David M’Raihi: CPSO at Rivian, on Cryptography, Cars, and the Craft of Security
19-10-2022
David M’Raihi: CPSO at Rivian, on Cryptography, Cars, and the Craft of Security
In this episode of a YSecurity.io production, we dive deep into the world of cryptography and software security with David M'Raihi, the Chief Product Security Officer at Rivian. With a wealth of experience in the field, David shares his insights on the multifaceted challenges and opportunities in protecting innovative technologies in the automotive industry. David and host Jon McLachlan engage in a fascinating discussion on the essentials of building a robust security team, the intricacies of cryptographic systems, and the potential vulnerabilities that could lead to breaking RSA encryption. Beyond the technicalities, David offers a glimpse into his philosophy on leading an intentional and deliberate life, both within and outside the realm of cybersecurity. Listeners will gain a rare look into the strategic thinking and technical prowess required to safeguard the future of mobility at Rivian, where cutting-edge vehicles and sustainable technology meet.
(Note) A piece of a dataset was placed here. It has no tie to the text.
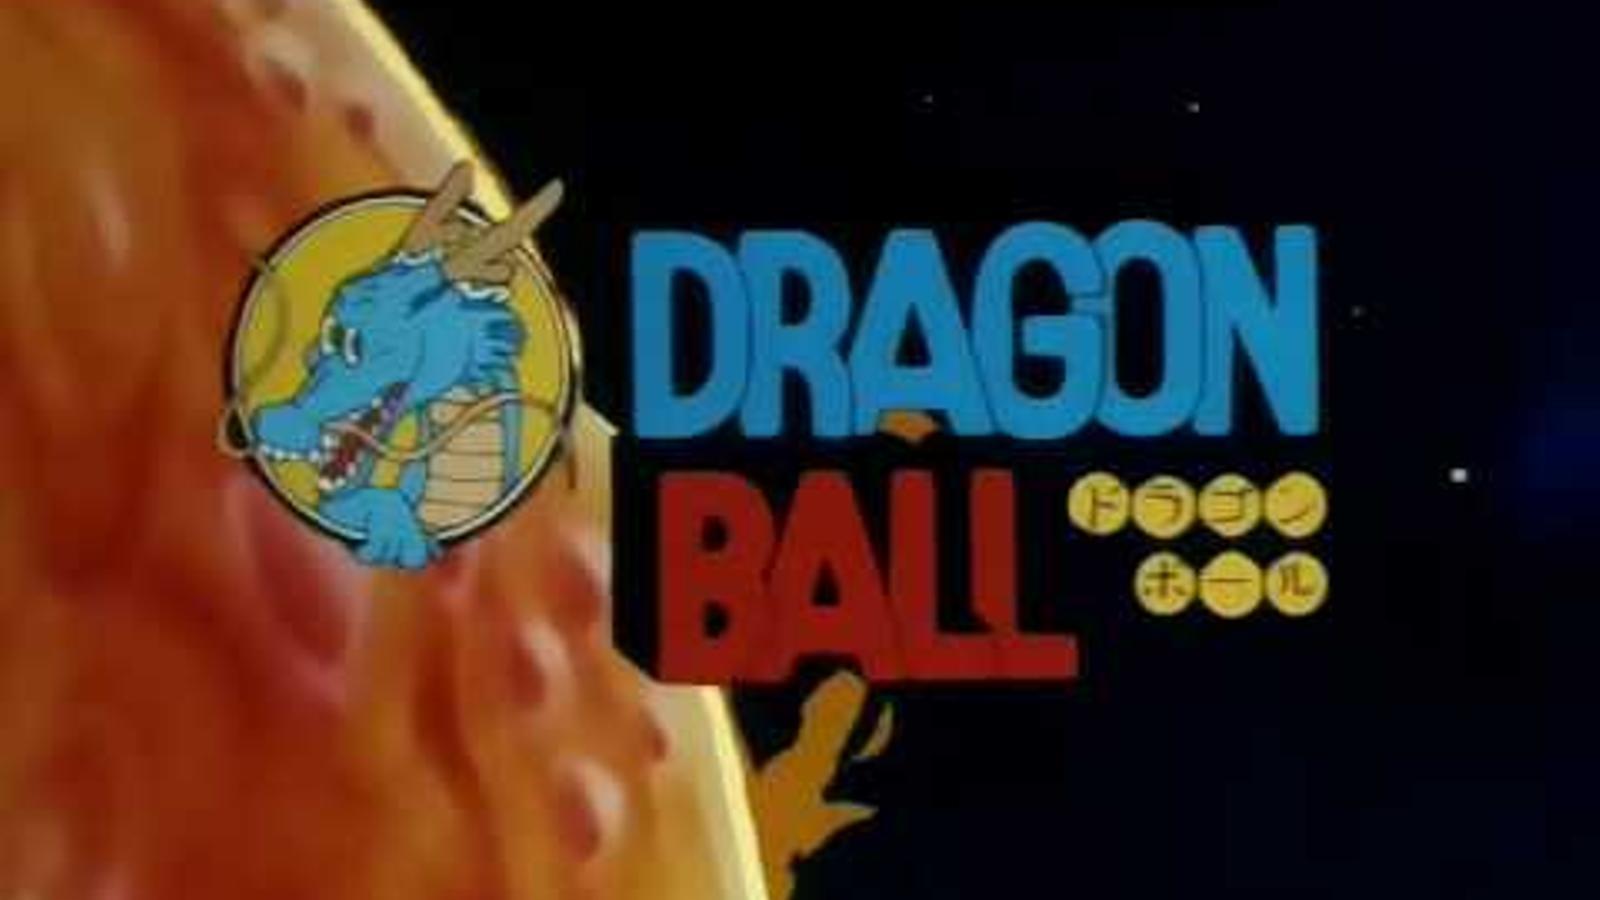 Es compleixen 30 anys de l'estrena de 'Bola de drac' en català

David's approach to product security encompasses not only the protection of sophisticated software and hardware but also a commitment to fostering a culture of security awareness and resilience within the organization. This episode is a must-listen for anyone interested in the crossroads of cryptography, automotive innovation, and personal growth. David M'Raihi's journey and reflections provide valuable lessons on leadership, the importance of a proactive security posture, and the pursuit of excellence in one's professional and personal life. Tune into this YSecurity.io production for an enlightening conversation with David M'Raihi. Whether you're a cybersecurity professional, a technology enthusiast, or someone curious about the intersection of innovation and security in the automotive industry, this episode offers a unique blend of expertise, wisdom, and inspiration. Join us as we explore the complexities of securing the future of transportation and the deliberate choices that shape a meaningful life.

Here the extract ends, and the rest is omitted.